■ TASK ■
What is needed is a word-for-word copy of the lines below from the one with "This central temple" through the one with "site for all", both included, with every picture left out.

■ RECORDS FOR PROCESSING ■
◆ ◆ ◆ ◆ ◆ ◆ ◆
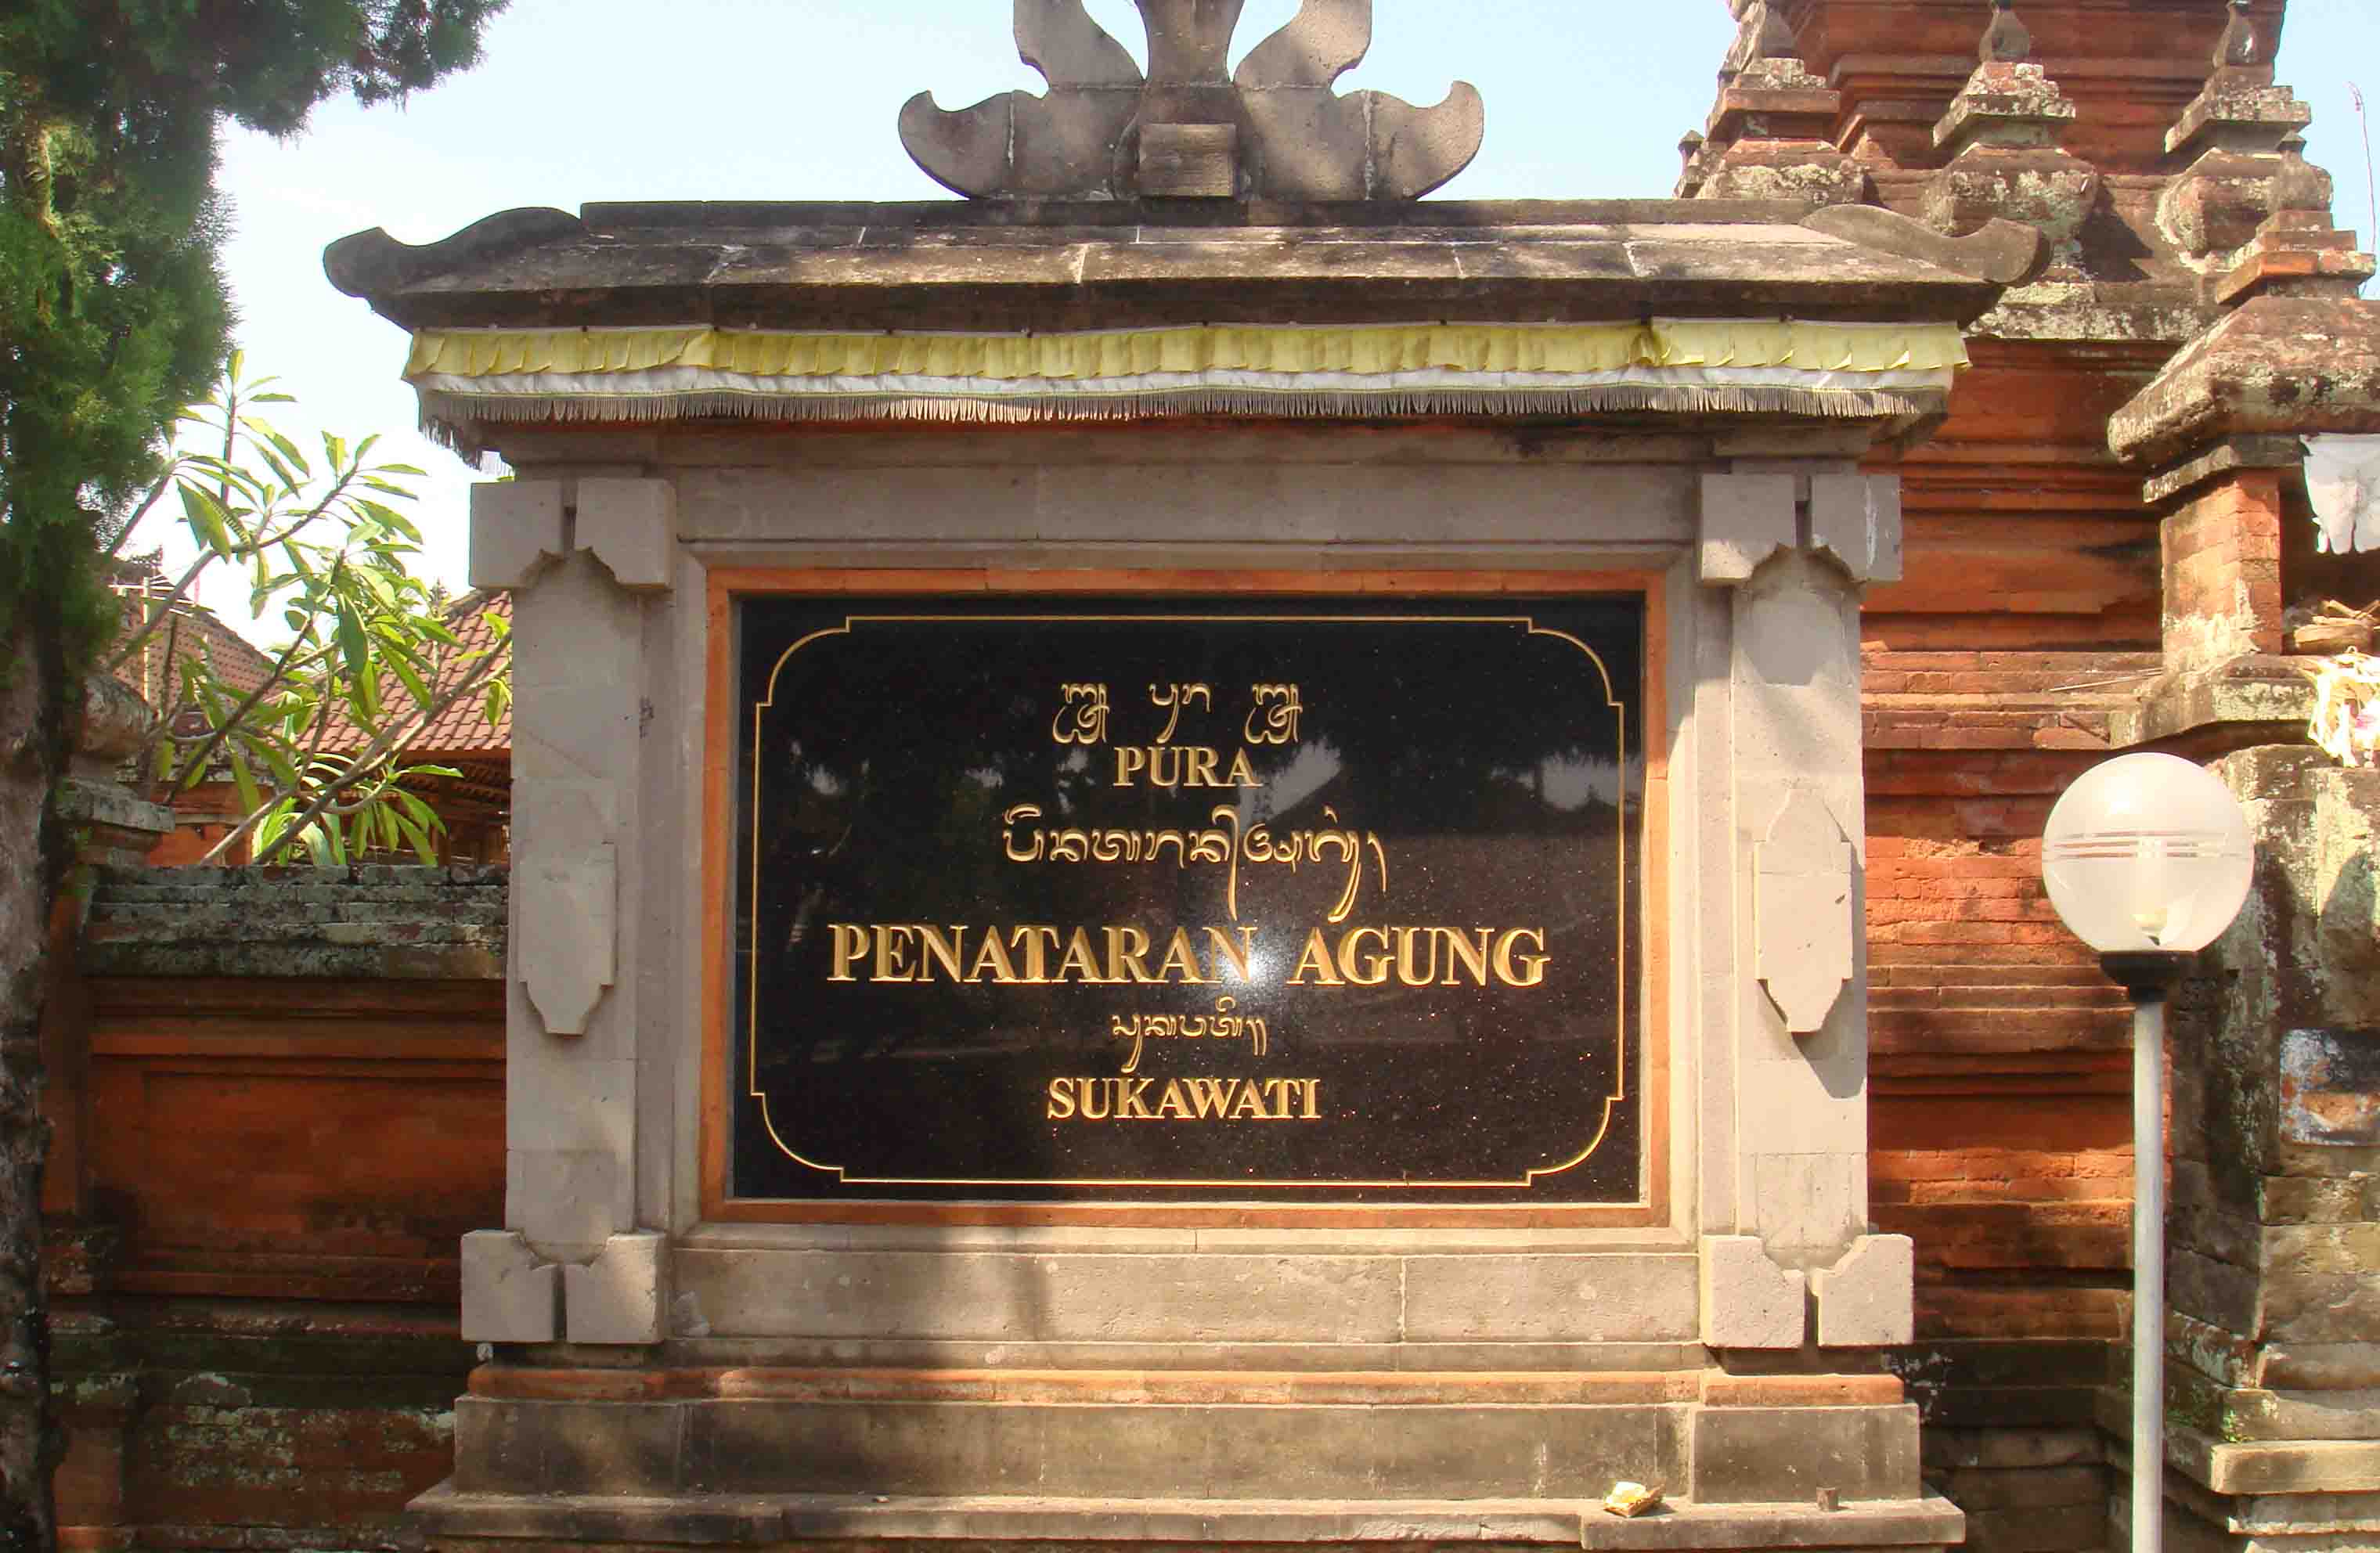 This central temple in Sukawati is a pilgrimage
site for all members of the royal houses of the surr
◆ ◆ ◆ ◆ ◆ ◆ ◆
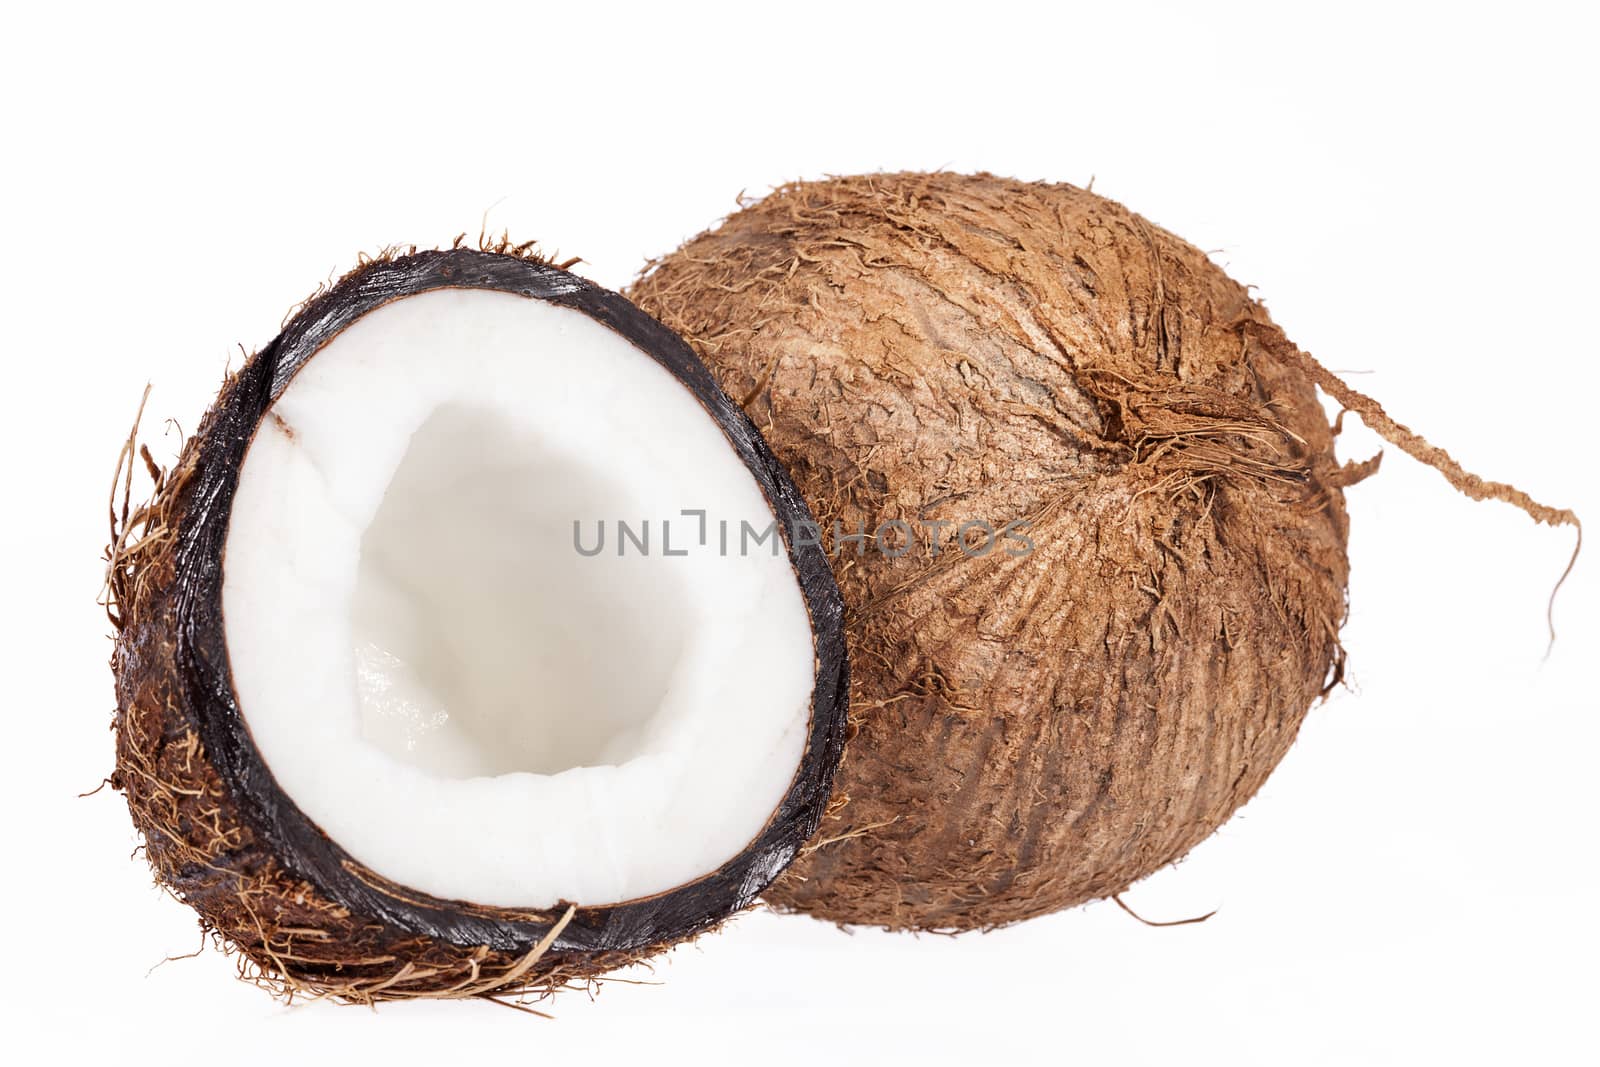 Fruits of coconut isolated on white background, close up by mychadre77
◆ ◆ ◆ ◆ ◆ ◆ ◆
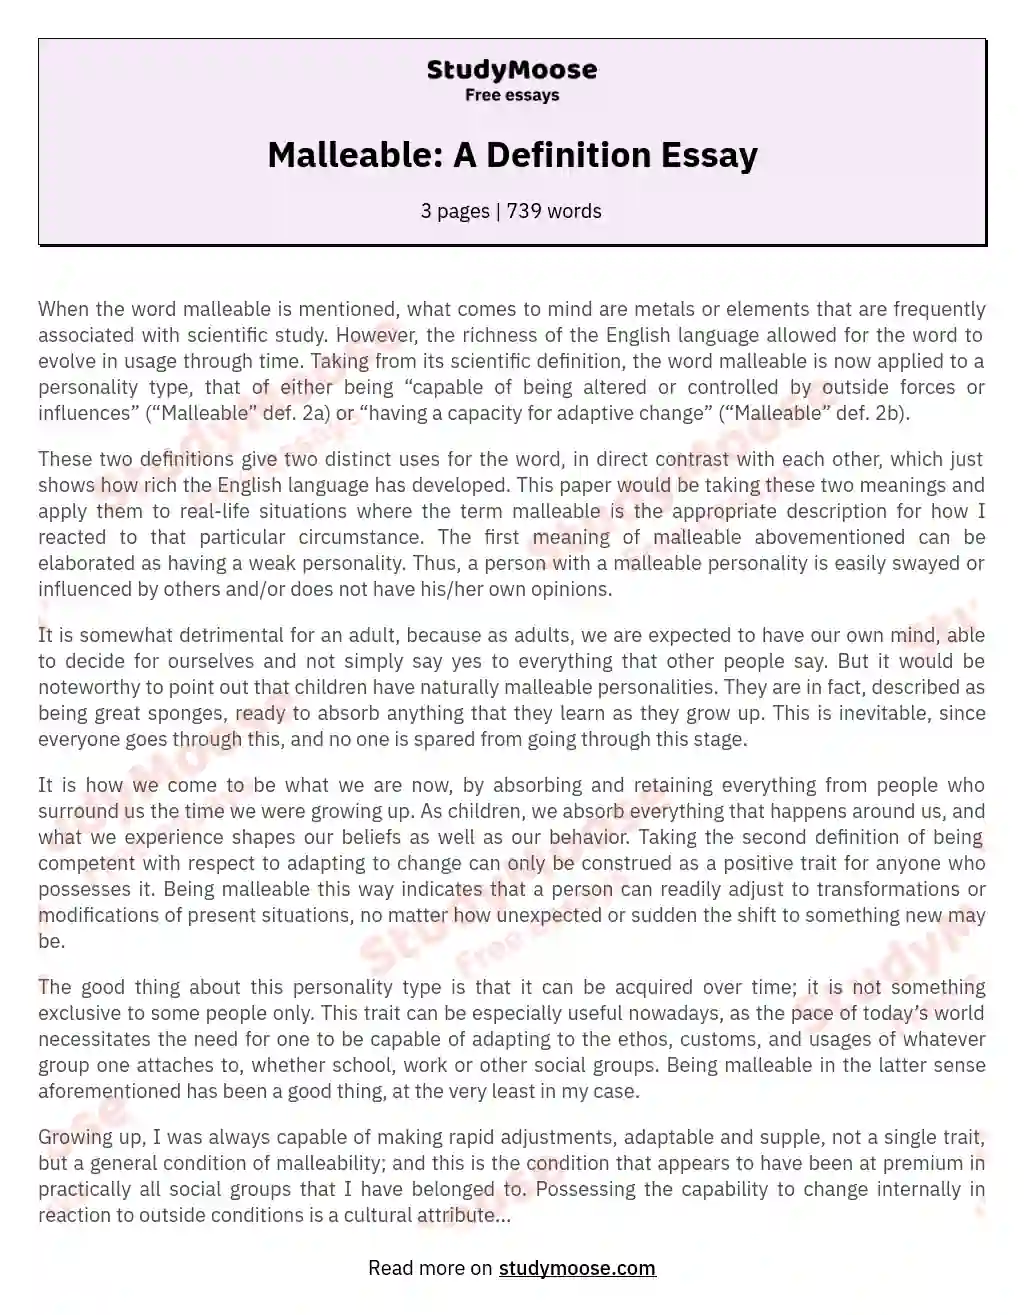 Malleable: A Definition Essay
◆ ◆ ◆ ◆ ◆ ◆ ◆
■ ANSWER SPACE ■
 This central temple in Sukawati is a pilgrimage
site for all members of the royal houses of the surr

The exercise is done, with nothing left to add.